> [Problem requirements]: Keep the lines exact and the pictures out as you repeat the following listing.

=== Provided material ===

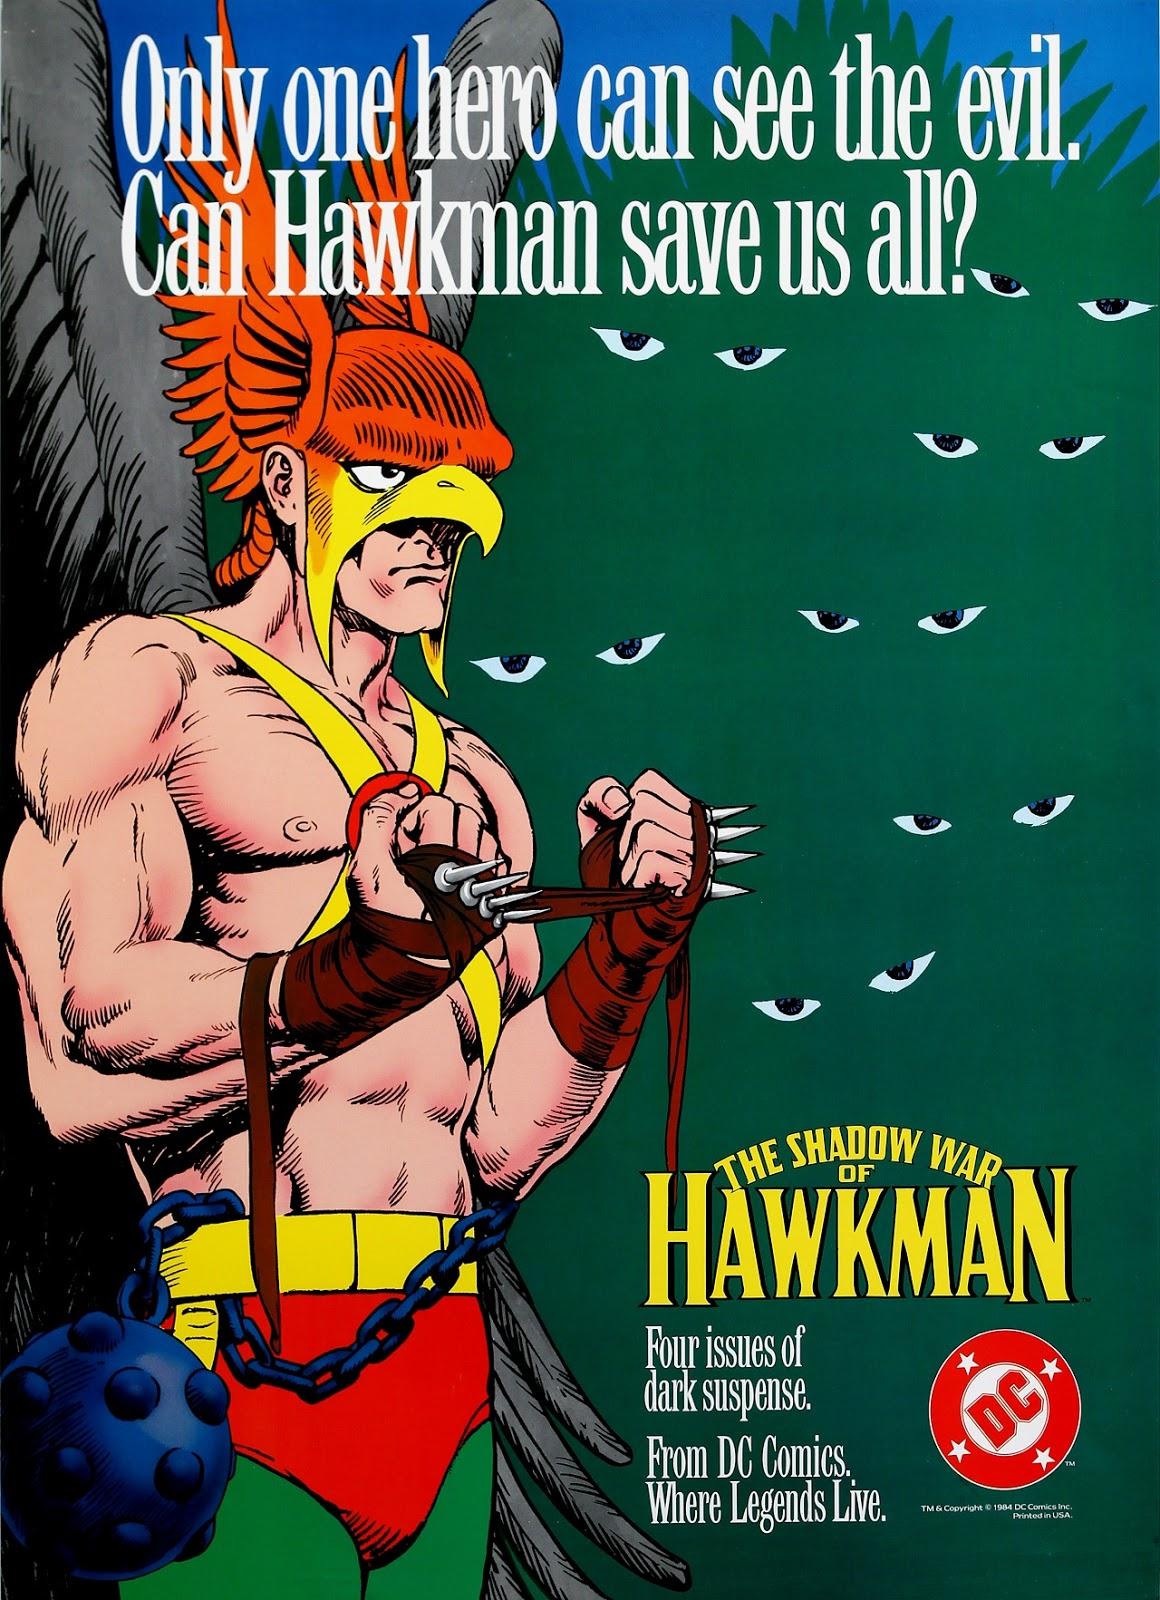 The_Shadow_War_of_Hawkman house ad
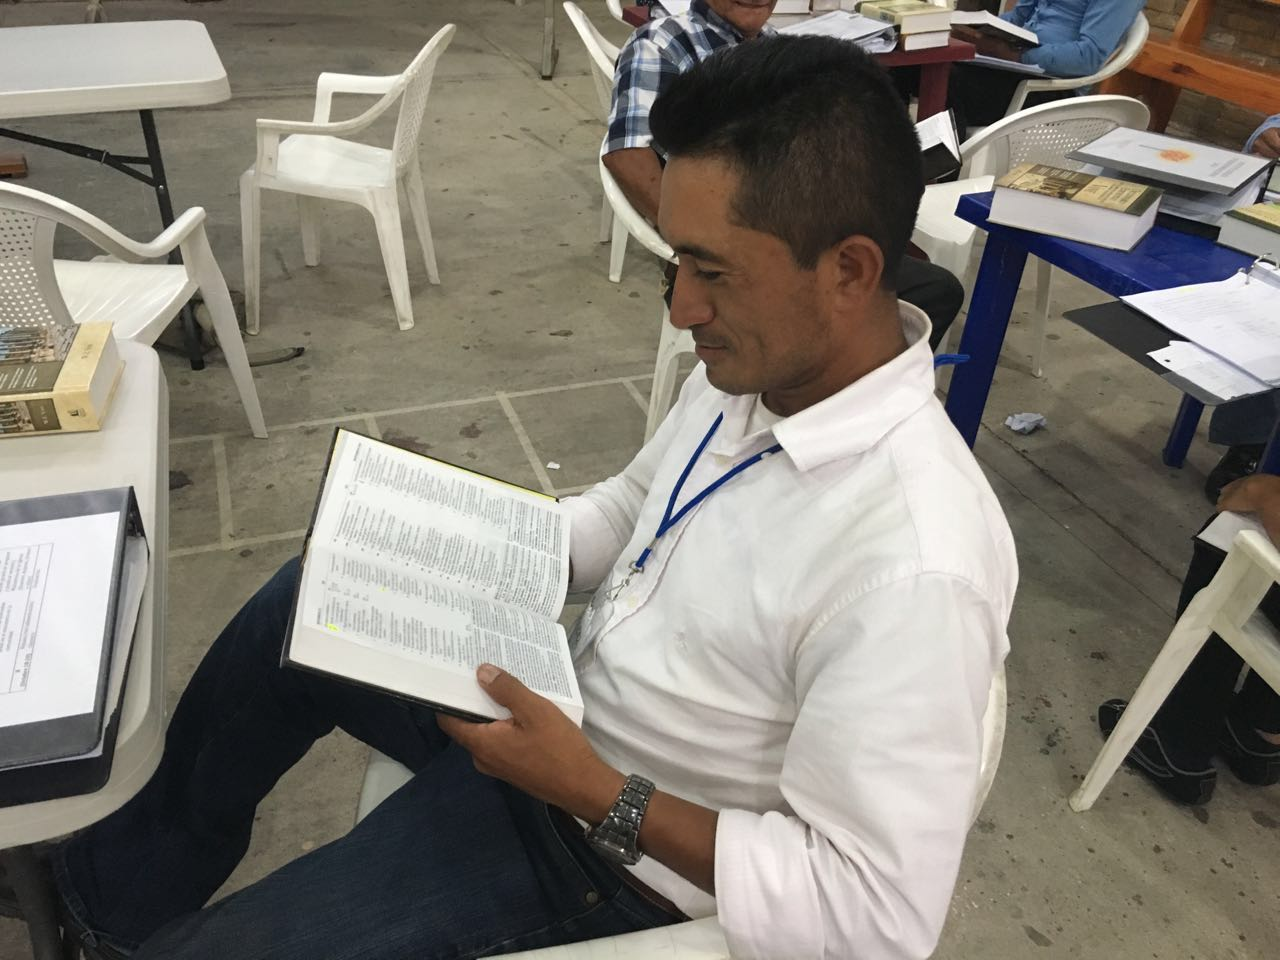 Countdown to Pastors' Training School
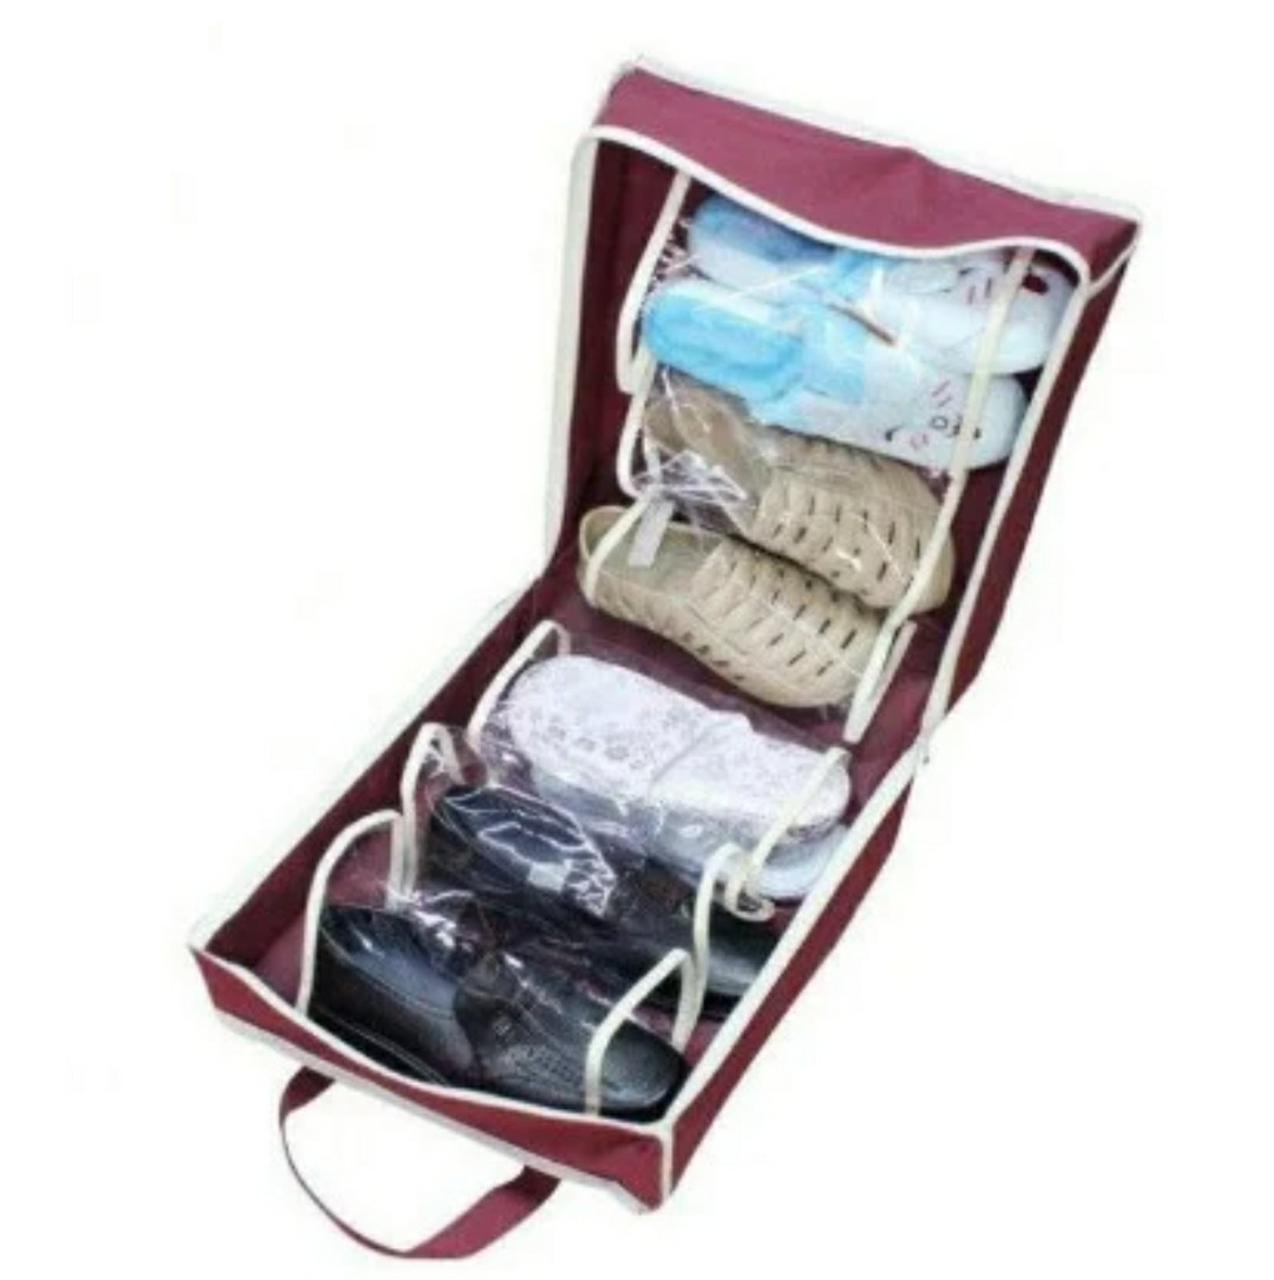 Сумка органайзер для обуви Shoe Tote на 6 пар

===

> [Result of this task]:
 The_Shadow_War_of_Hawkman house ad
 Countdown to Pastors' Training School
 Сумка органайзер для обуви Shoe Tote на 6 пар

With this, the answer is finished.